Blood pressure targets in patients with coronary artery disease: observations from traditional and Bayesian random effects meta-analysis of randomised trials

Context Most guidelines for treatment of hypertension including the Joint National Committee-7 recommend a blood pressure (BP) goal of <140/90 mm Hg for hypertensive patients and a more aggressive goal of <130/80 mm Hg for patients with coronary artery disease (CAD), based largely on expert consensus. Objective To evaluate the BP targets in patients with CAD Data Sources PUBMED, EMBASE and CENTRAL Study Selection: Randomised clinical trials (RCTs) of antihypertensive therapy in patients with CAD, enrolling at least 100 patients, with achieved systolic pressure of <=135 mm Hg in the ‘intensive BP’ group and <=140 mm Hg in the ‘standard BP’ group with follow-up for at least 1 year and evaluating cardiovascular outcomes.
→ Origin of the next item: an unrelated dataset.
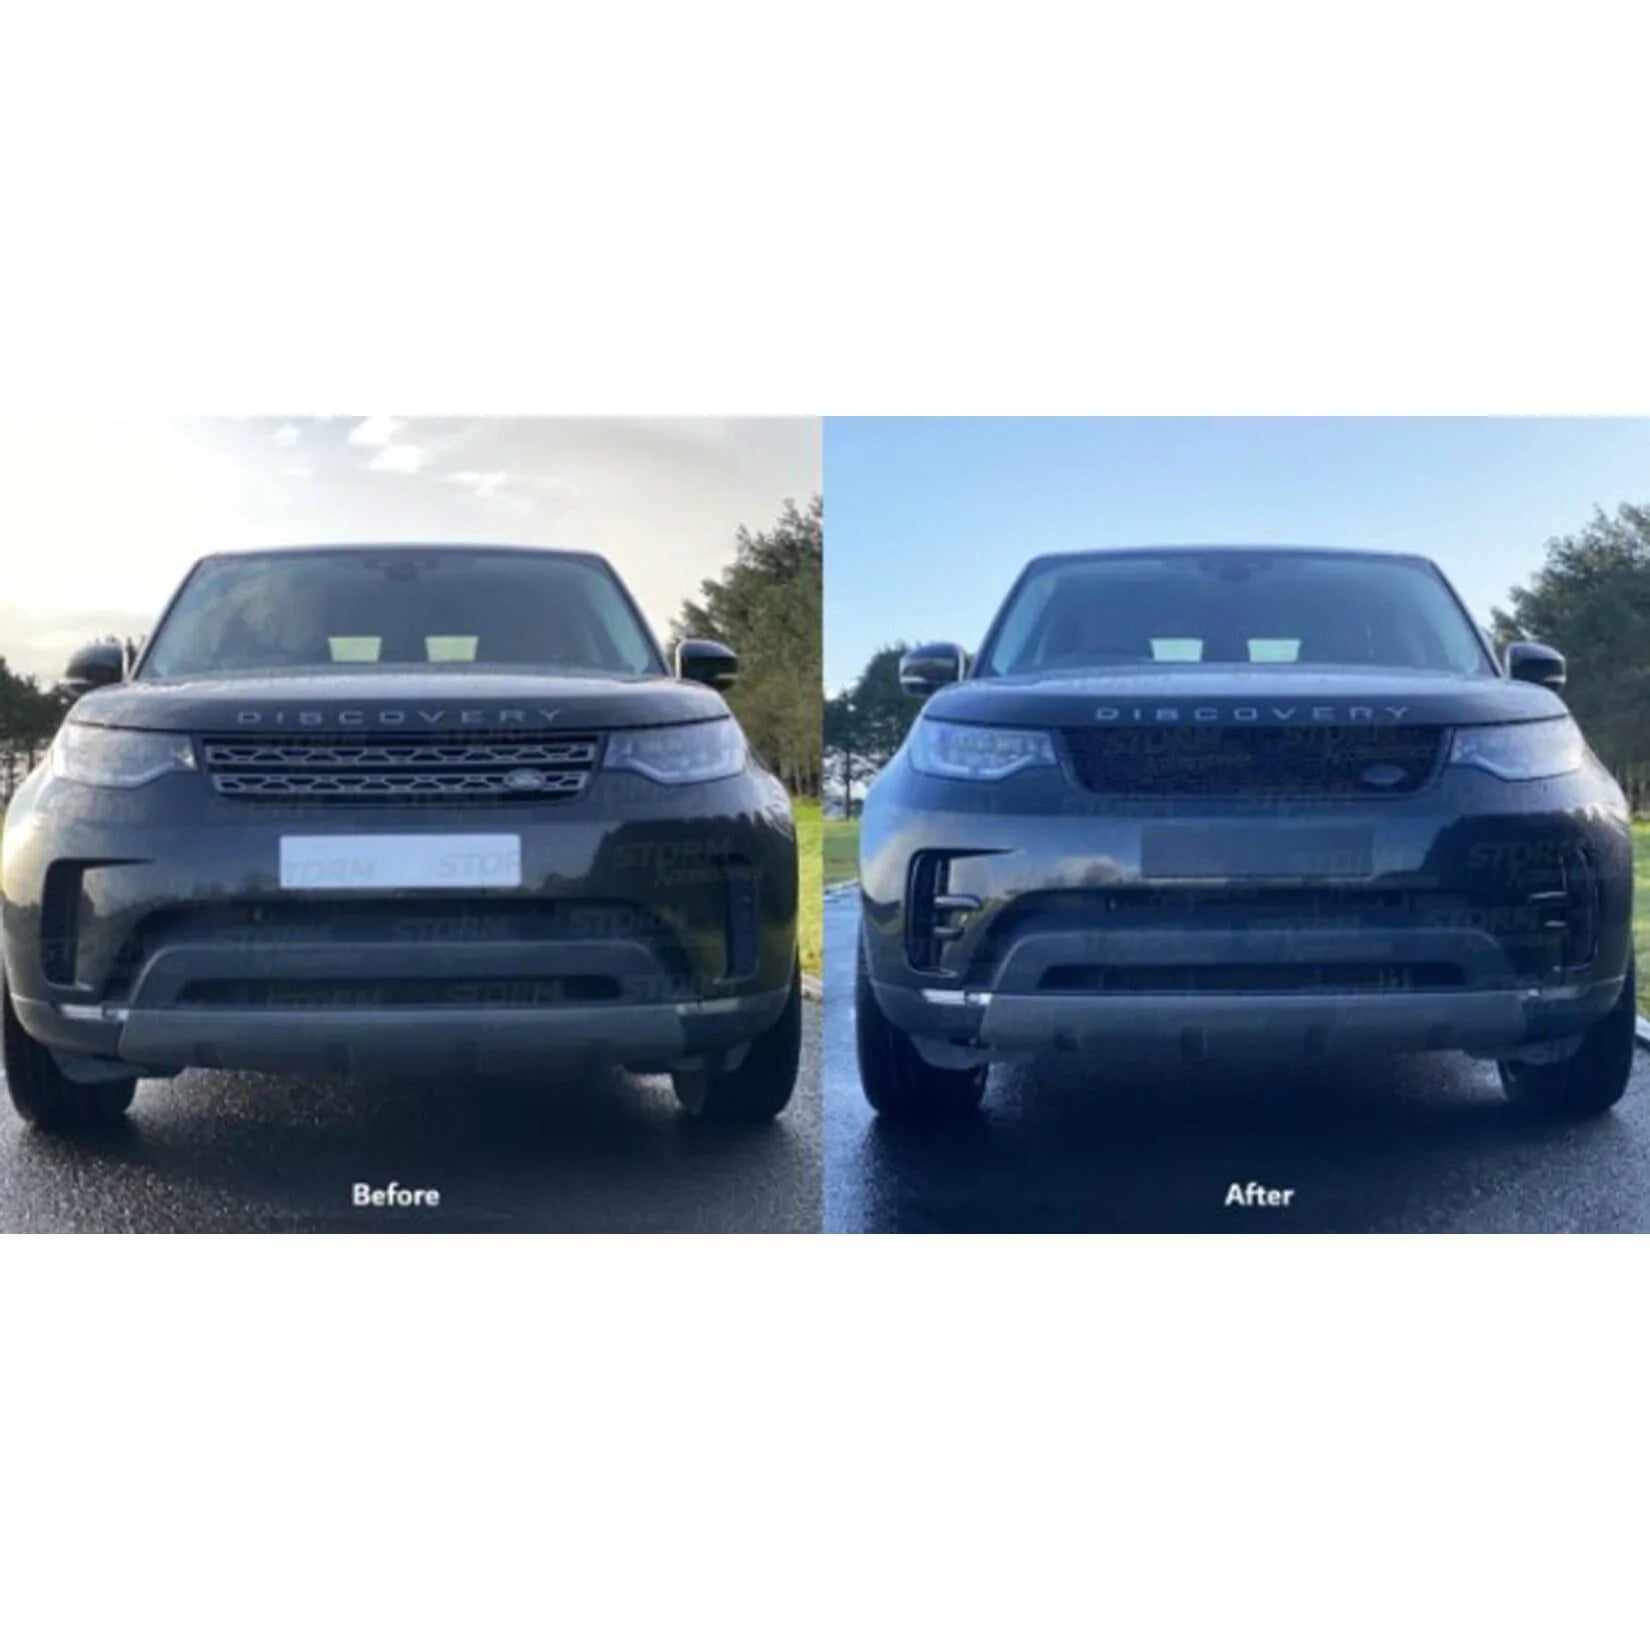 Land Rover Discovery 5 Dynamic Front Grill - Gloss Black
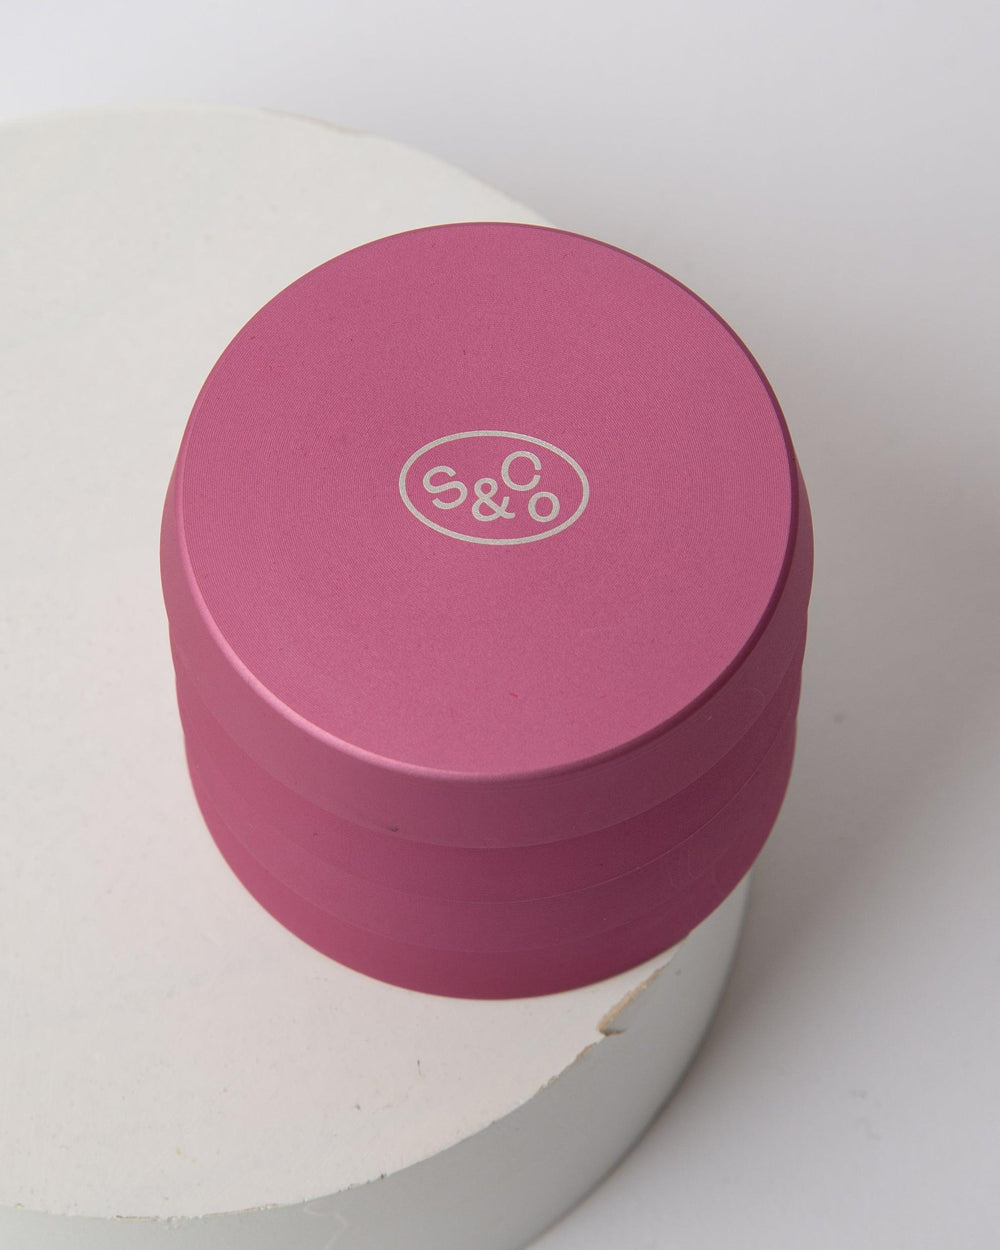 sackville and co aluminum signature grinder pink

Data Extraction The following efficacy outcomes were extracted- all-cause mortality, cardiovascular mortality, myocardial infarction, stroke, angina pectoris, heart failure and revascularisation. Results We identified 15 RCTs enrolling 66 504 participants with 276 328 patient-years of follow-up. Intensive BP group (≤135 mm Hg) was associated with a 15% decrease in heart failure rate and 10% decrease in stroke rate, driven largely by trials with a more intensive BP group (≤130 mm Hg), with similar outcomes for death and cardiovascular death and was associated with a 105% increase in the risk of hypotension. More intensive BP group (≤130 mm Hg) was also associated with a reduction in myocardial infarction and angina pectoris. The results were similar in a Bayesian random effects model. In addition, lower seemed to be better (based on regression analysis) for the outcomes of myocardial infarction, stroke, heart failure and perhaps angina. Conclusions The present body of evidence suggests that in patients with CAD, intensive systolic BP control to ≤135 mm Hg and possibly to ≤130 mm Hg is associated with a modest reduction in stroke and heart failure but at the expense of hypotension. Lower was better, although not consistently so for myocardial infarction, stroke, heart failure and perhaps angina. Further trials are needed to prove these findings.